Cuando el caso finalmente llegó a juicio en 2016, los hijos de las mujeres que fueron víctimas de esta inseminación pidieron que se le acusase de agresión sexual. El abogado lo rechazó porque no existían pruebas y porque las mujeres consintieron en ser inseminadas. “Es una violación, pero no a ojos de la ley”, les dijo. “Un médico puede hacerse una paja y meter su semen en la vagina de una mujer, una paciente que no se lo ha consentido, y no es considerado una agresión sexual”, se lamenta Jacoba.

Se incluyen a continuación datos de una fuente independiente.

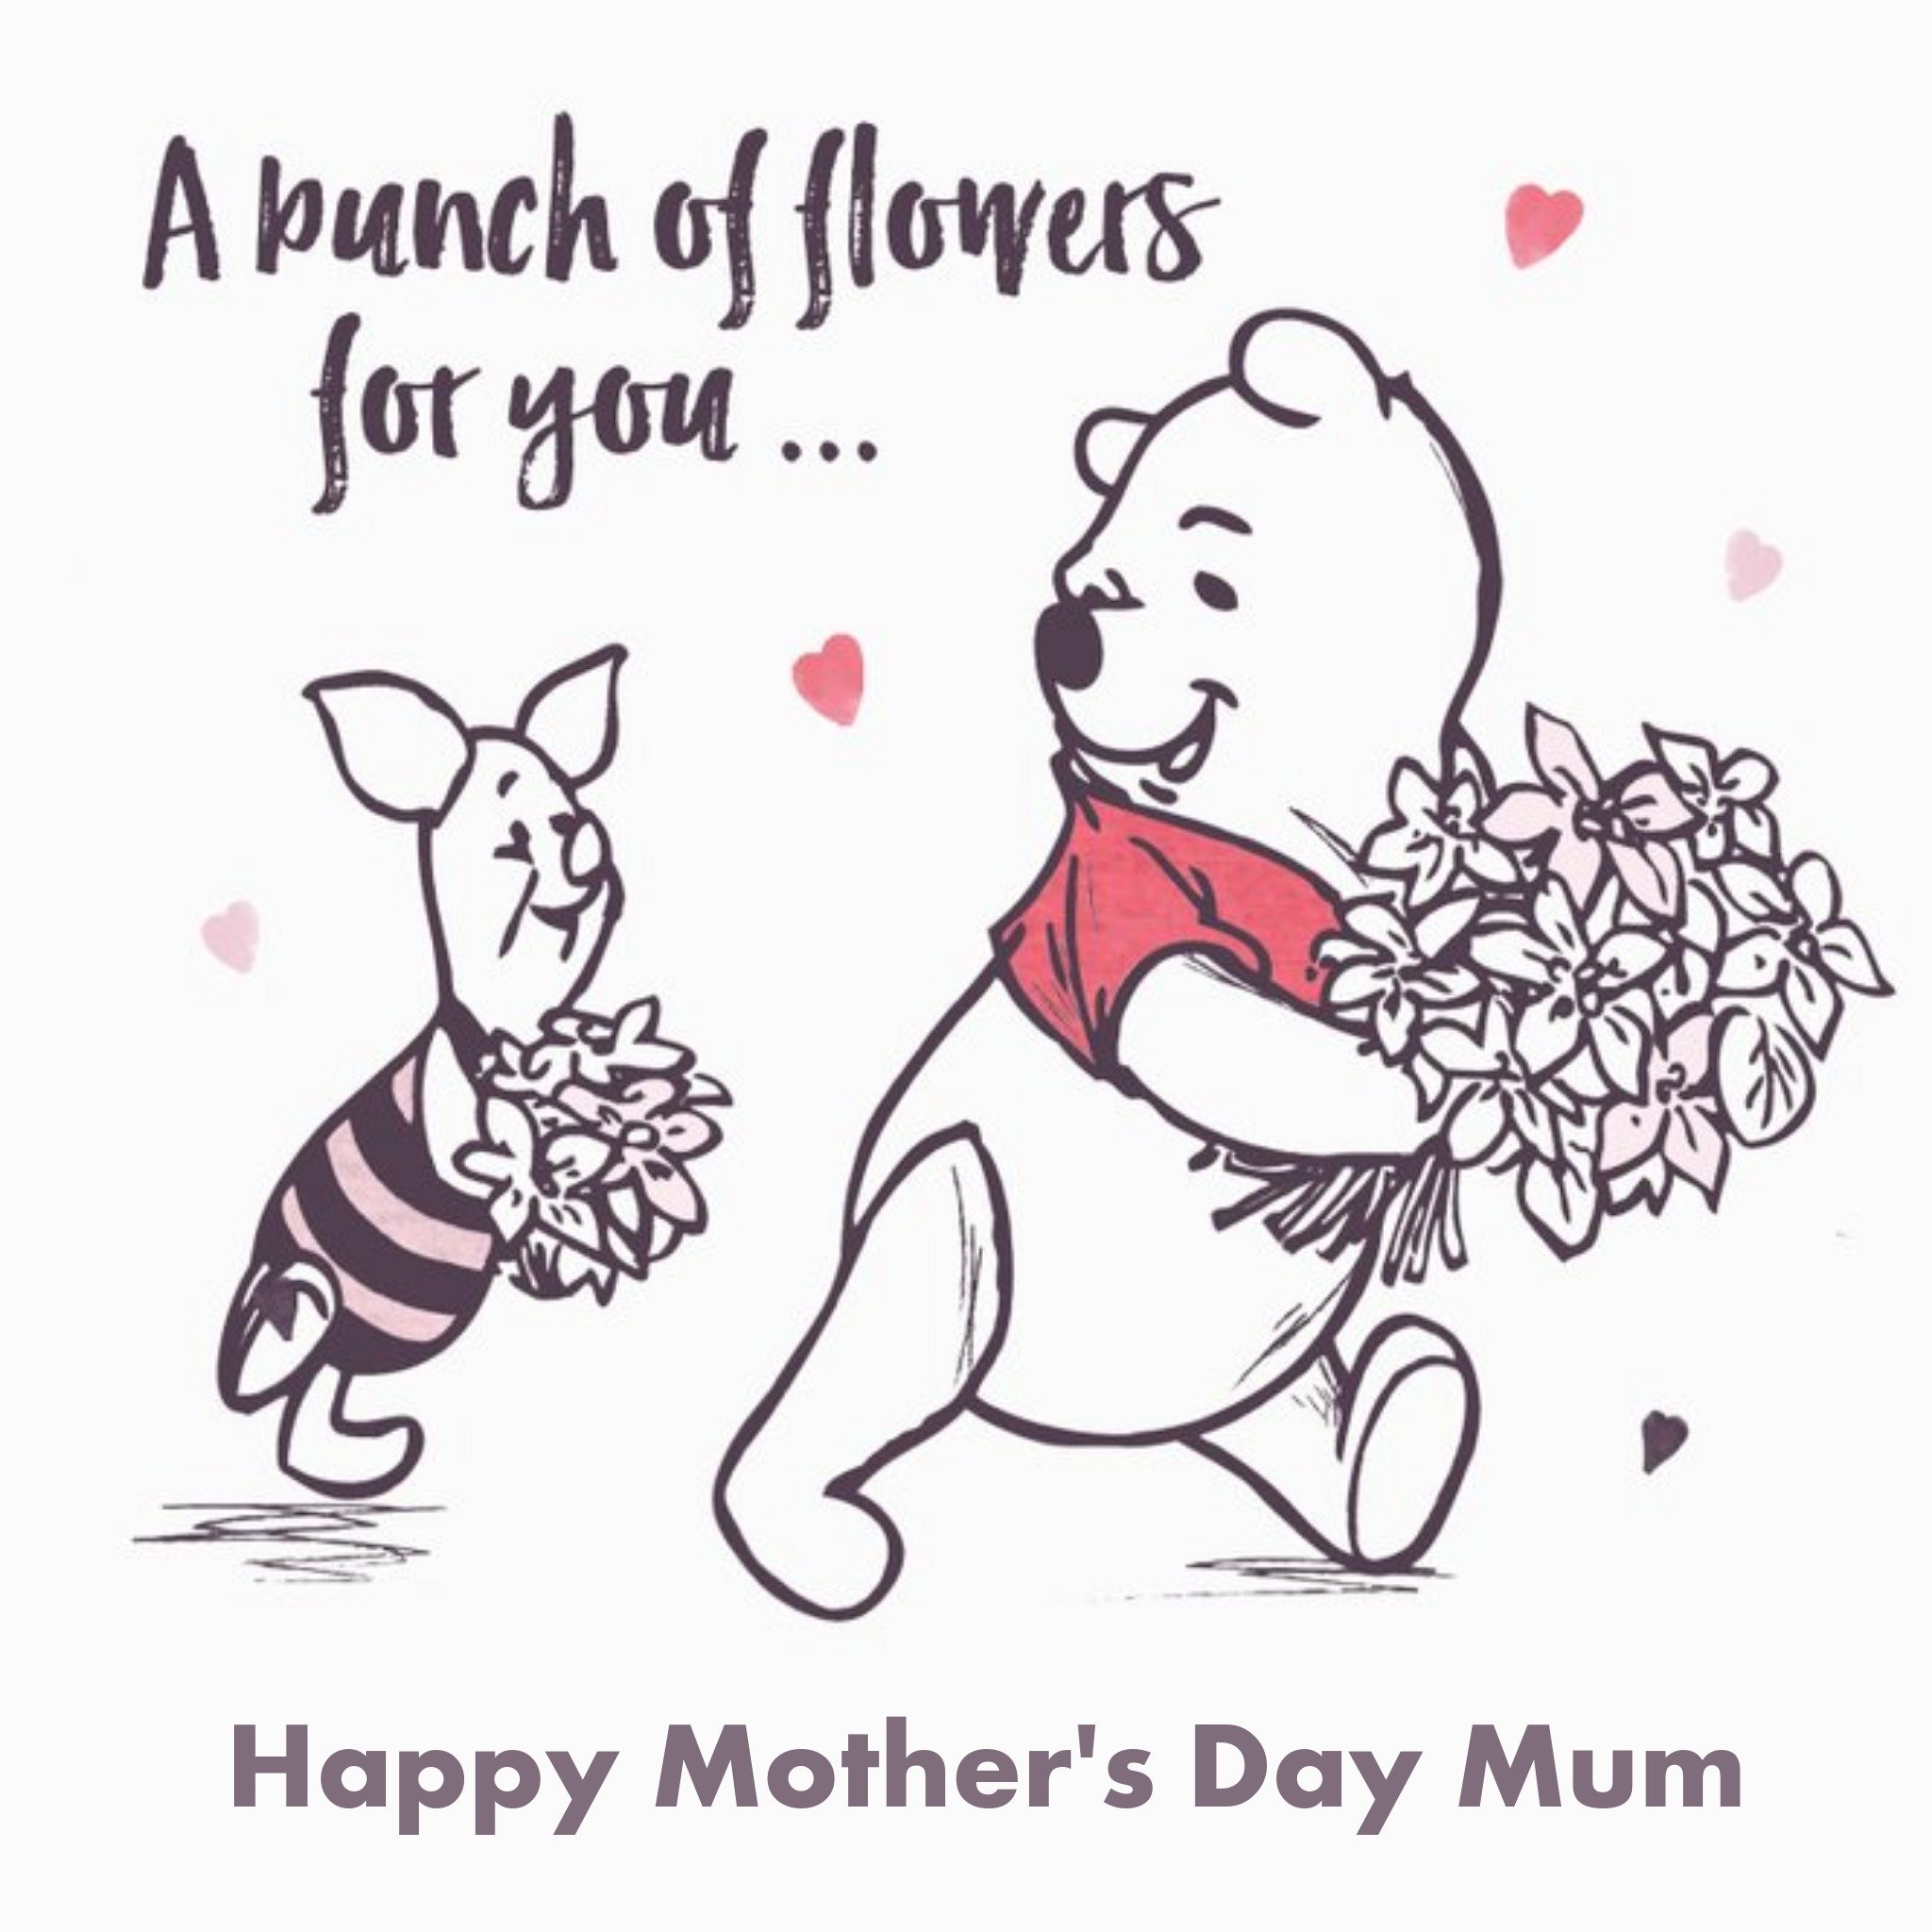 Disney Winnie The Pooh And A Bunch Of Flowers For You Card, Large

El tribunal solo le sentenció por obstrucción a la justicia y le impuso una multa de 500 euros, un año de libertad condicional y la pérdida de la licencia médica, aunque en ese momento ya llevaba varios años jubilado. Le penalizaron por haber destruido los registros, pero no pagó por “donar” su esperma a pesar de sufrir una enfermedad autoinmune que han heredado algunas de las 94 personas que llevan su ADN. Tampoco por engañar a esas cien mujeres.

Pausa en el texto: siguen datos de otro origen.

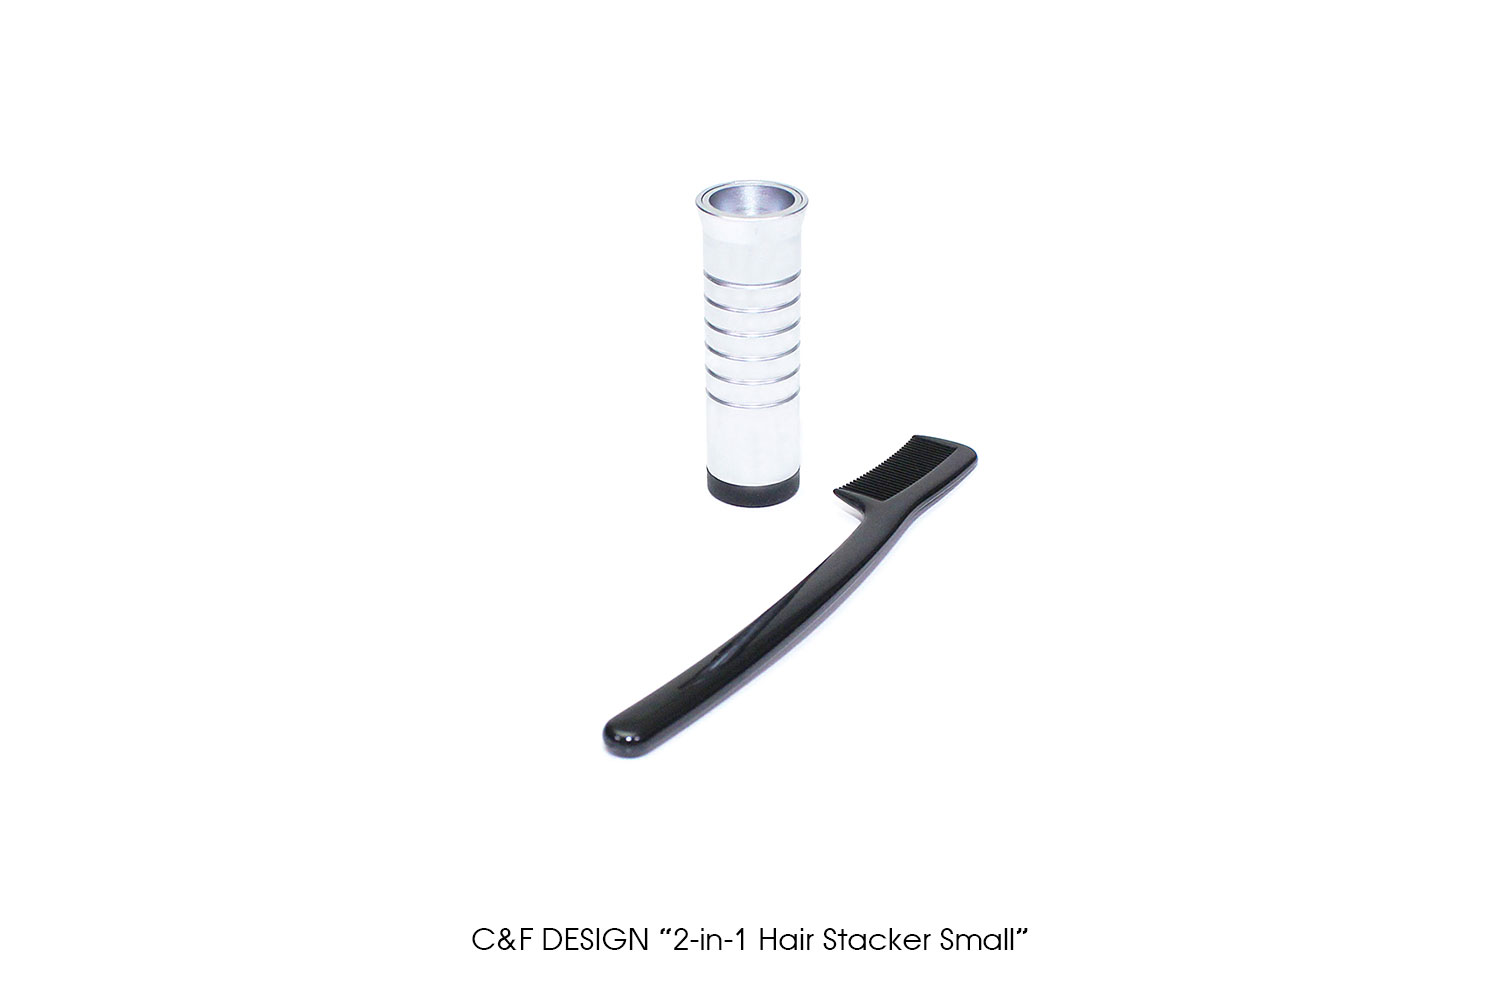 C&F DESIGN "2-in-1 Hair Stacker Small"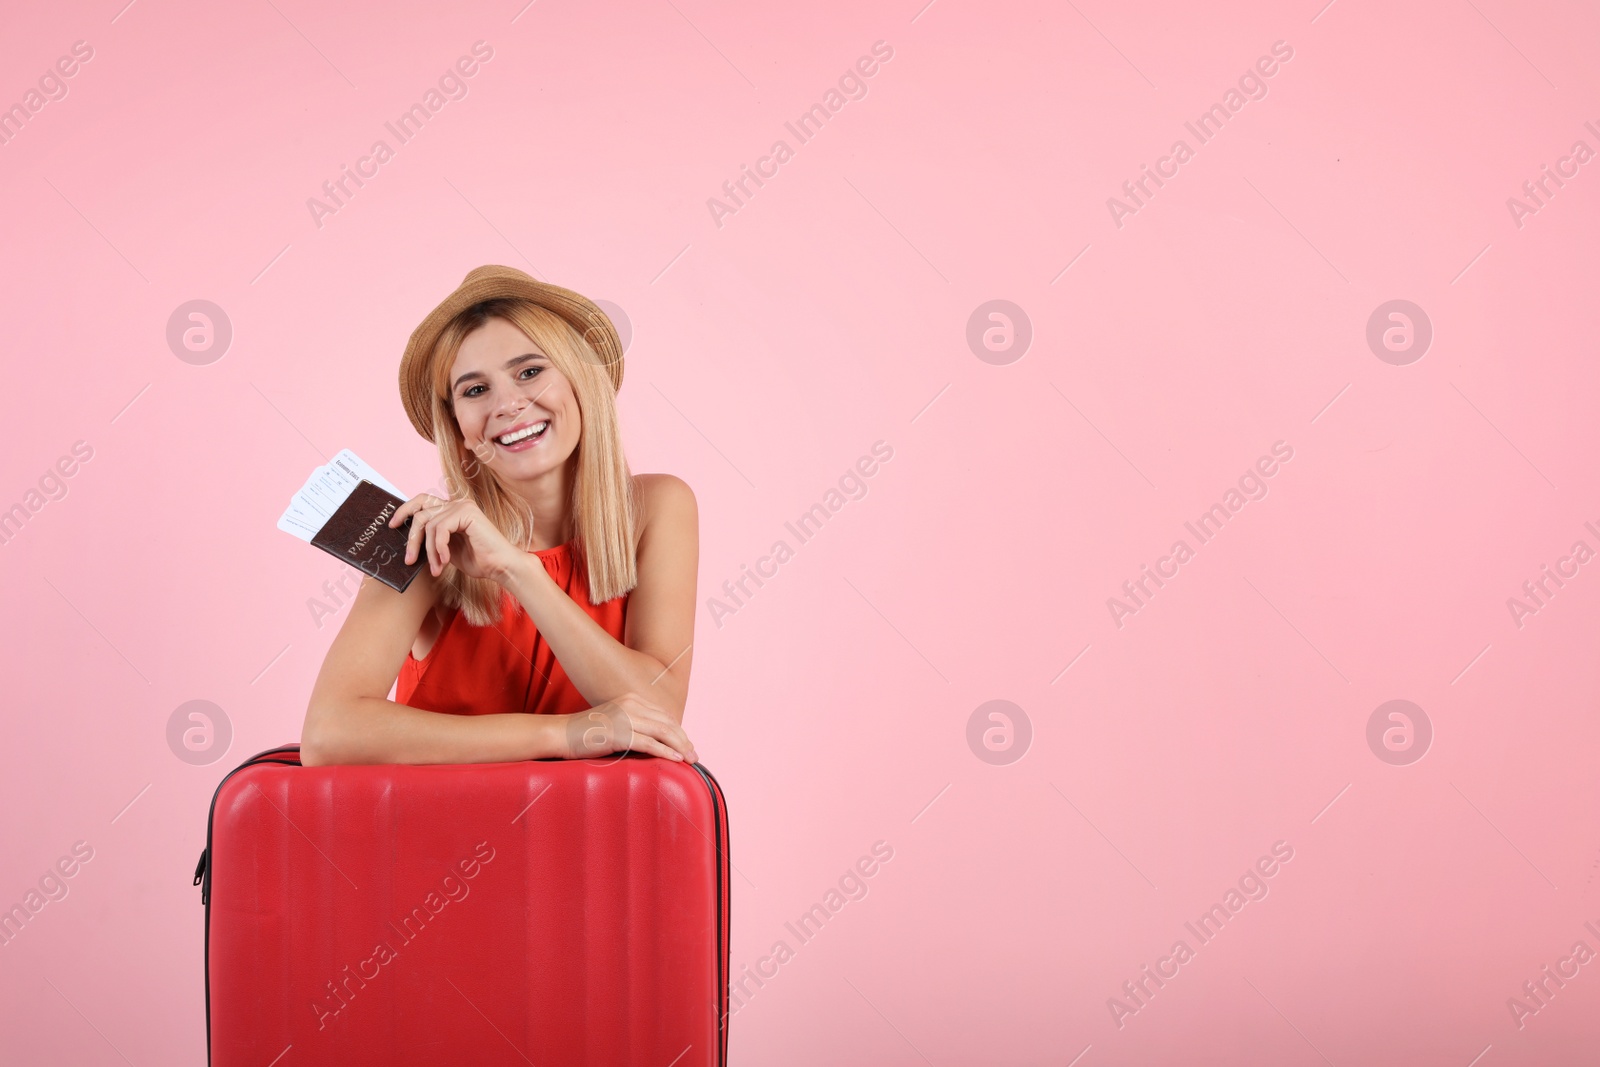 Photo of Woman with suitcase and passport on color background. Space for text

Este asunto escamó especialmente a la directora del documental. “Lo que me molestó tanto al principio fue el relato de que Cline 'donó' su muestra”, explica Lucie Jordan en una entrevista. “Quiero que sepa de inmediato lo que significa 'donar una muestra': tener una erección, masturbarse e introducirla inmediatamente en sus pacientes. ¿Cómo no se considera eso agresión sexual?”, se pregunta la cineasta. Para ella, Cline y el resto de médicos expertos en infertilidad que repitieron la práctica –al menos se han conocido otros 44 casos– “tenían un complejo de Dios”. “Ella quería un hijo y yo se lo di”, justificó Cline en el juicio.

Un fanático religioso

La consulta de Cline estaba anegada de crucifijos, pasajes de las Sagradas Escrituras y consignas ultracatólicas. En su investigación, Jacoba Ballard descubrió que en 1963 atropelló a una niña de cuatro años. “Después de eso se traumatizó y se volvió un fanático religioso”, dice uno de sus antiguos amigos y colega de profesión. Se convirtió en un miembro muy activo de su Iglesia, hacía bautismos en su casa y predicaba en cualquier lugar, incluido en su clínica.

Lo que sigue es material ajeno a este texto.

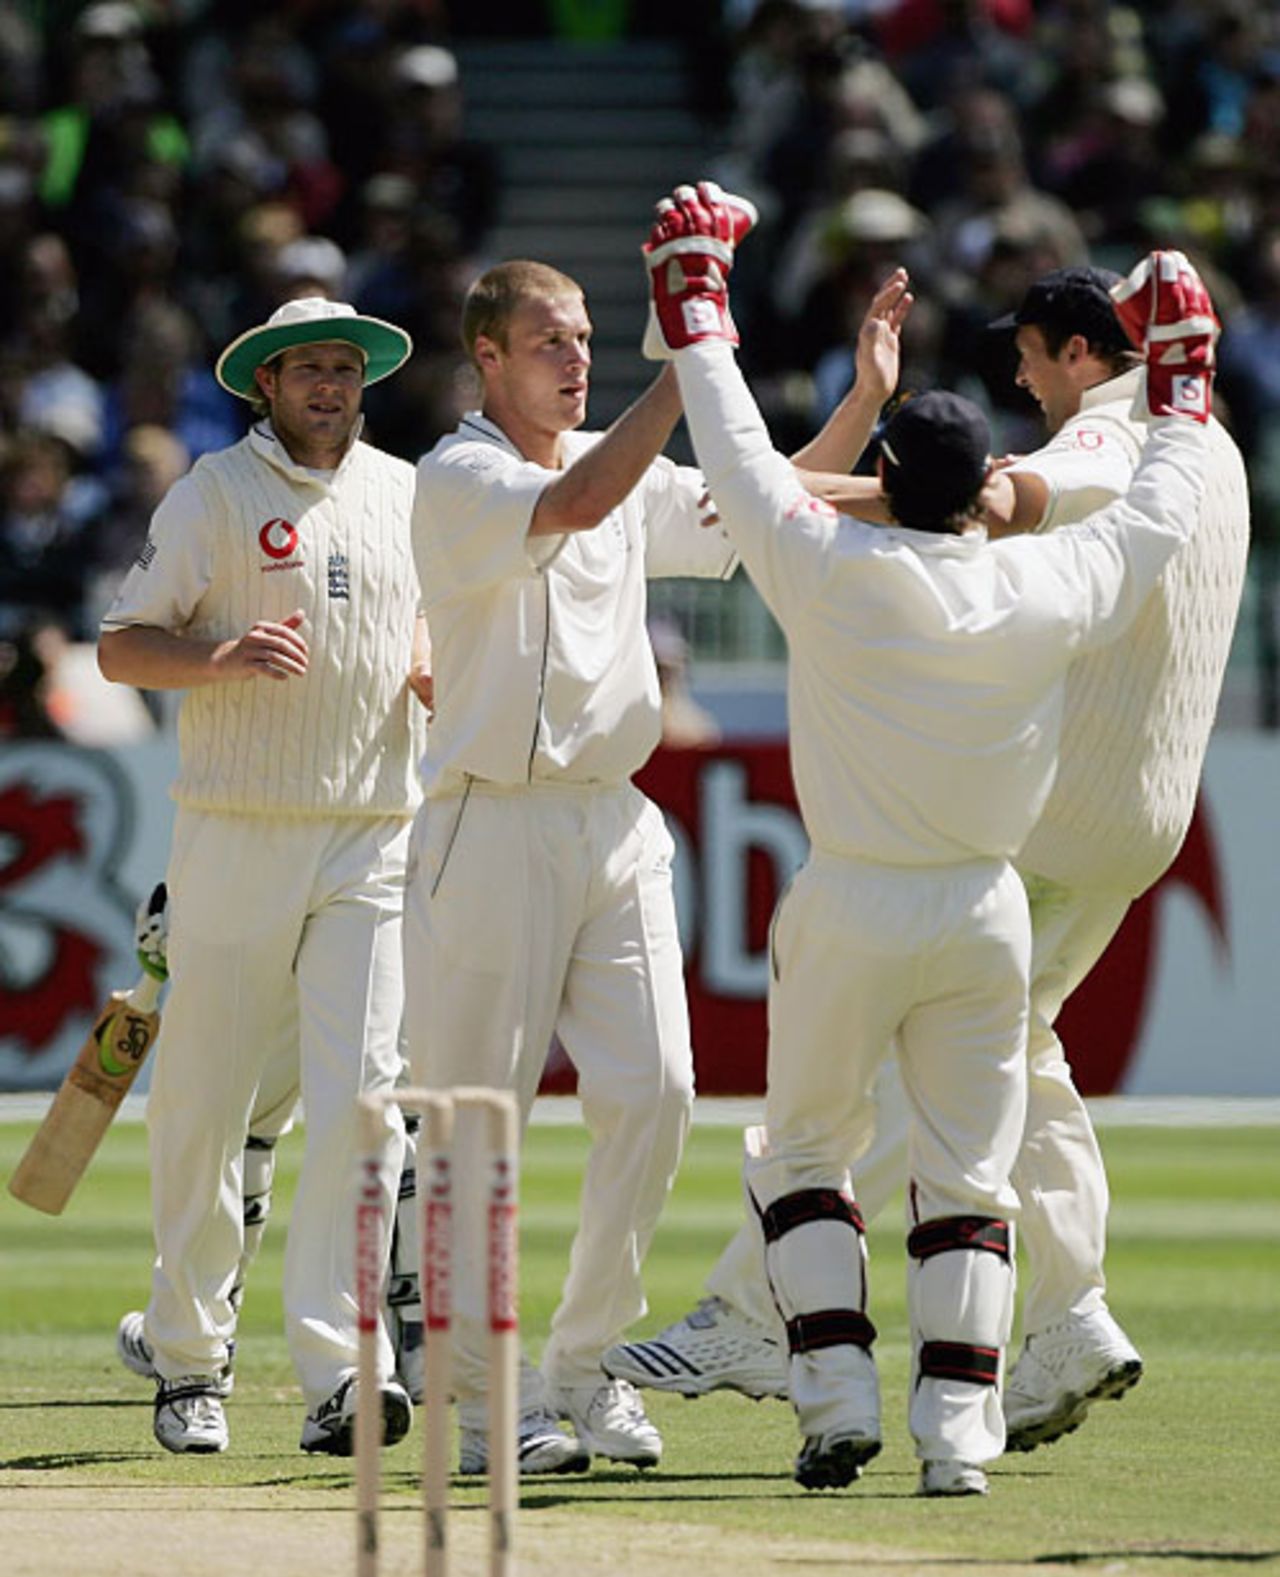 A determined Andrew Flintoff is congratulated on dismissing Ricky Ponting, Australia v England, 4th Test, Melbourne, December 27, 2006

De entre todas las escrituras, el versículo de Jeremías 1:5 era su favorito: “Antes de formarte en el vientre de tu madre, ya te conocía”. Lo tenía impreso encabezando la mesilla donde inseminaba a las mujeres. Algunos de sus hijos biológicos encontraron un nexo entre Cline y la secta ultrarreligiosa Quiverfall, que defiende convertir la Biblia en ley civil, tener el mayor número de hijos posibles para involucrarlos en la vida política y religiosa de la sociedad y preservar la raza blanca.

Odio decirlo, pero parece como si fuésemos parte del clan ario perfecto

“La mayoría de nosotros tenemos pelo rubio y ojos azules. Odio decirlo, pero parece como si fuésemos parte del clan ario perfecto. Es repugnante”, dice Jacoba. Al comienzo de la investigación, antes de que el caso saltara a los medios, ella y otros siete hermanastros se reunieron con Cline, que se interesó por sus nombres, edades y profesiones: “Parecía que nos estuviera clasificando”. “Da escalofríos pensar en que el médico que me creó es un fanático racista que usó a mi madre como una vasija”.

Nada de eso ha sido probado, por lo que las intenciones del doctor Cline al inseminar a cien mujeres con su esperma solo las conoce él. “Mi gran esperanza es que haya algún abogado que vea el documental y perciba que hay grandes lagunas”, ha dicho la directora. Las víctimas, hijos genéticos y mujeres asaltadas por el doctor, siguen buscando justicia. De momento, el impacto mediático del caso consiguió que en Texas y en Indiana sea considerado delito que los ginecólogos inseminen a sus pacientes con su esperma. El siguiente paso es que EEUU lo declare ilegal en todo el país. “Es nuestro objetivo”.